At some point while setting up your router you’ll have to select a security type. The options you’re likely to be presented with are WEB, WPA, WPA2.
Of these options, only WPA and WPA2 are currently considered safe, with WPA2 being the better option. WEB has long since been rendered useless by security flaws. WPA and WPA2 aren’t perfect, but combined with other basic security precautions they’re the best option currently.
It’s tempting to use a simple, memorable word for your password. Don’t! They’re easy for programs and intruders to guess. A good password should be a random sequence of numbers, letters, and symbols.
Know the URL where your admin panel is, and never enter your user credentials elsewhere
A common method for man-in-the-middle hacker attacks is to present you with a false login alert, fooling unwitting Wi-Fi users into entering their username and password to “confirm their identity” — when in fact, they’re just sending the information to a hacker who can then intercept all the data passing between computer and router without detection.
Routers come pre-installed with a packet of code that controls basic network functions, known as firmware. Like the OS on your computer or the software on your computer, router firmware has to be updated from time to time.
Keeping firmware up to date is one of the biggest problems with Wi-Fi security — every company has their own system, the updates come infrequently, and the system isn’t usually automated like it is with the OS on your computer or the apps on your phone. What’s worse, even the latest updates often have glitches that allow sophisticated hackers to weasel their way onto a network through the back door.
So, the basic security precaution to take insofar as firmware is to keep an eye on your manufacturer’s site for updates, and follow the instructions to install them as soon as possible.
…Or consider an alternative firmware
If you’re willing to do some experimenting, custom firmware like DD-WRT, OpenWRT, and Tomato can replace the manufacturer firmware on your router to give big benefits when it comes to speed and security.

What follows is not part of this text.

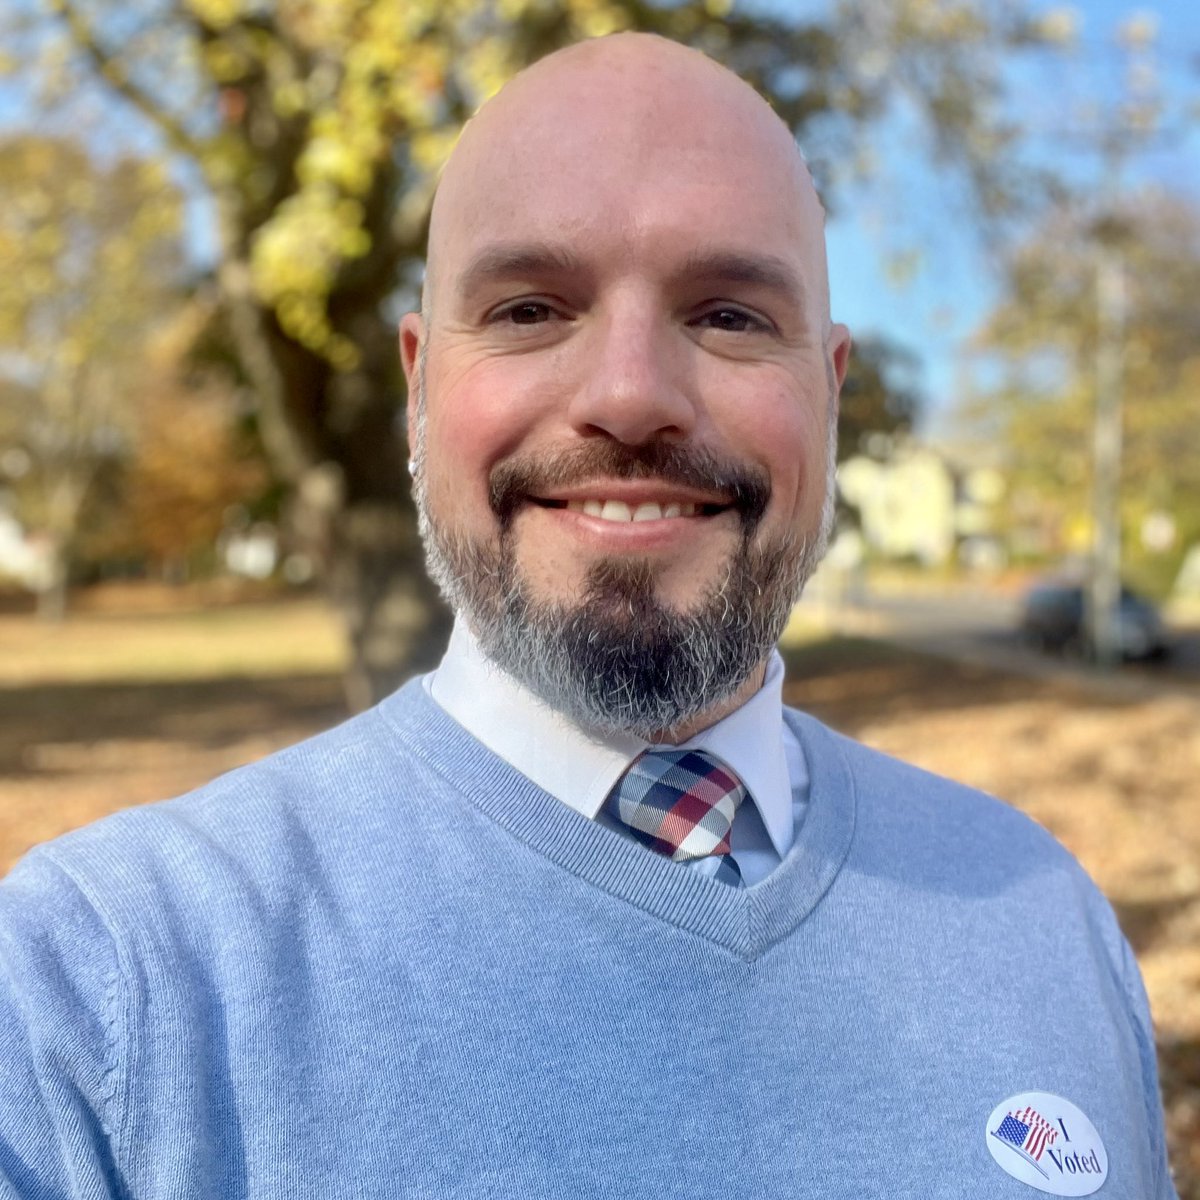 This afternoon reminder from @JPEUnion member, @Mansfield_CT town council candidate @SamuelBruder that 'labor is your neighbor' means leading by example & performing civic duty in #Election2023. #AFTVotes @AFTunion @AFT_PE @AFLCIO @ConnAFLCIO

Tomato and DD-WRT have the simplest installation procedures and user interfaces, while OpenWRT is a better choice for advanced administrators. All three open up cool features like real-time monitoring and device segregation, making it much easier to detect intruders and keep them off your network.

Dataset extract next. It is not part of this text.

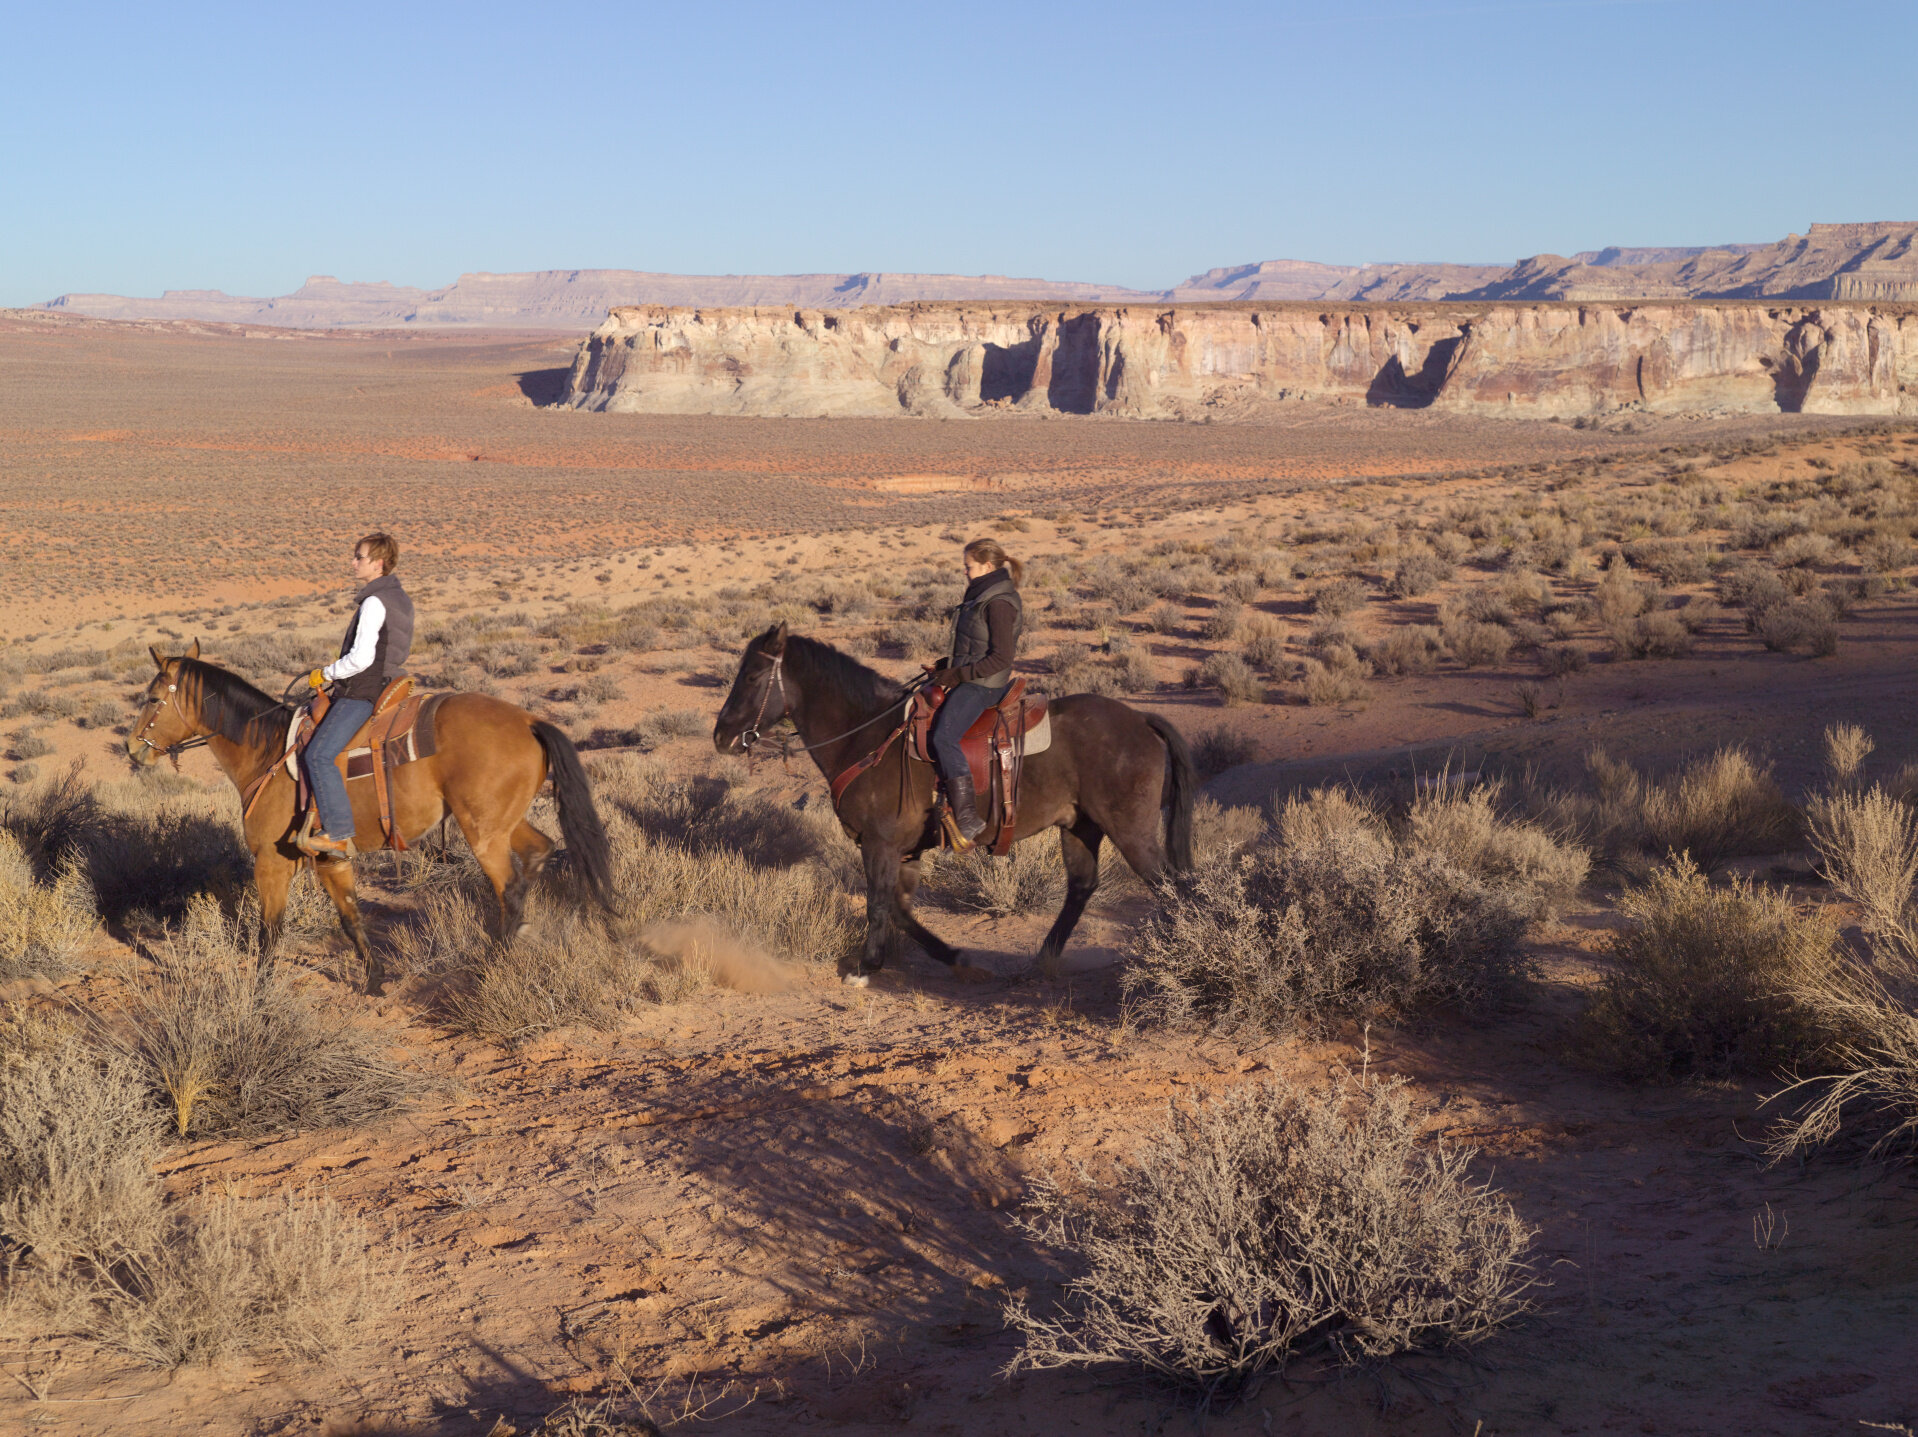   Horseback riding in the American Southwest (photo credit: Aman)

Networks will always have flaws, so be a tough target
The tips above are enough to keep out 99% of hackers, and the other 1% won’t want to waste their time when there are easier targets to be had.
Share with your friends
Don’t be scared to customize your network, consider spending a few extra dollars on a higher-end router with security features, and you’ll be set for a visitor-free Internet experience.